Em janeiro de 1947, Kantor partiu da Polônia para uma bolsa de estudos em Paris. Lá, abandonou a fascinação pelo cubismo e encontrou uma nova fonte de inspiração, cuja encarnação era a famosa exibição "Le surréalisme en 1947" na Galerie Maeght, com a curadoria de Marcel Duchamp e André Breton. As obras originais mais antigas de Kantor apresentadas na exposição em São Paulo remontam exatamente àquele periodo: a aquarela "Postać z wydrążeniem" (Personagem esburacado, 1947) mostra uma figura humanoide com um buraco no peito, rodeada por duas superfícies parecidas com asas, cobertas por uma rede de divisões geométricas que trazem à mente uma máquina voadora.

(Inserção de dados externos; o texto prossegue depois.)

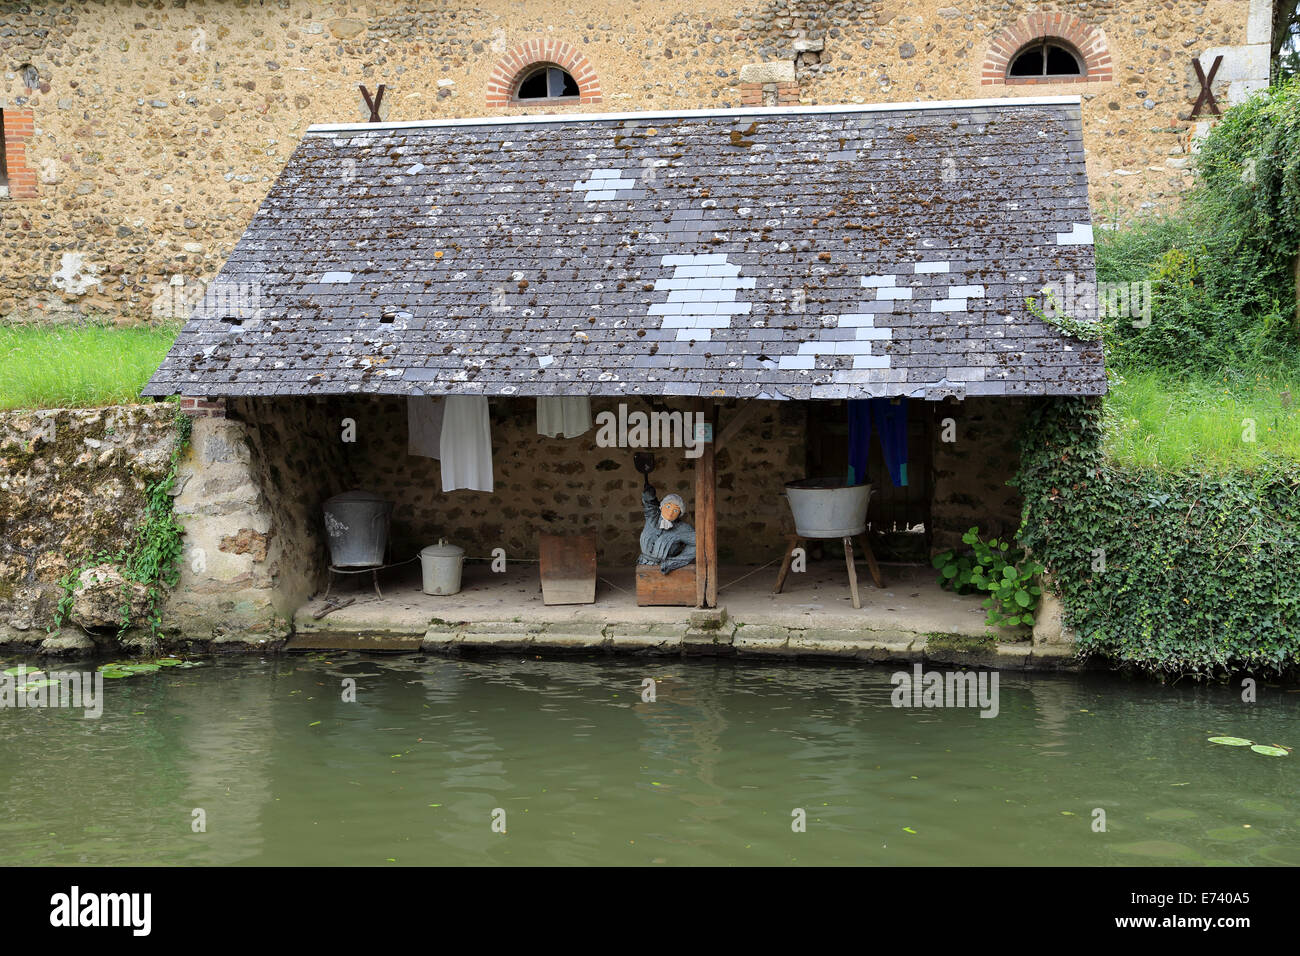 Wash house (laverie) on River Loir Fosse, Rue des Fosses Saints Jacques, River Loir, Bonneval, Eure et Loir, Centre, France Stock Photo

Durante o seu fascínio pela estética surrealista, especialmente pela obra de Roberto Matta, Kantor percebia as suas criações como tentativas de explorar a pergunta da existência humana, possível de ser representada metaforicamente no espaço da pintura. O espaço podia ser ocupado tanto por formas suaves, aparentemente orgânicas, como por figuras geométricas pontiagudas. Em "Abstrakcja" (Abstração, 1948) há um conjunto de poliedros, ligando o primeiro plano e o fundo num aglomerado, enquanto "Obraz metaforyczny II" (Quadro metafórico II, 1950) traz à mente uma paisagem áspera acidentada com sólidos tridimensionais, como se fossem figuras humanas petrificadas. Quando Kantor pintava "Obraz metaforyczny II", o realismo socialista já era a doutrina oficial de expressão artística na Polônia comunista – o artista perdeu seu emprego na Academia, e sua obra foi marcada como sendo um fenômeno “formalista” – assim, quase de um dia para o outro, de vanguardista foi considerado reacionarista.
A mudança de forma
Ainda que Kantor tenha se abstido em expor publicamente as suas obras, ele não perdeu o interesse pela pintura. Em 1955, como cenógrafo e figurinista em uma das peças polonesas encenadas no âmbito do Festival Internacional do Drama, Kantor visitou Paris novamente e ficou fascinado pelas obras de artistas como Jean Fautrier, Hans Hartung, Jackson Pollock e Wols. Essa visita marcou uma nova etapa na sua trajetória.
Defensor da arte nova, representada pela vertente informel, Kantor rejeitou a ideia de representação – também de personagens humanas – na esfera visual. Uma tela escura entitulada "Pacyfik VI" (1957) leva as marcas dos gestos do artista – zigue-zagues de tintas branca e preta entrelaçados com respingos de vermelho. O nascimento destes quadros foi registrado em filme duas vezes por estudantes da Escola de Filme de Łódź, Mieczysław Waśkowski e Adam Nurzyński. Um desses filmes, "Somnambulicy" (Sonâmbulos, 1958), foi apresentado na exposição – numa sequência hipnótica de tomadas em câmera lenta se vê a dança da tinta dissolvendo-se na água, adotando as formas de teias de aranha coloridas, formas orgânicas e explosões.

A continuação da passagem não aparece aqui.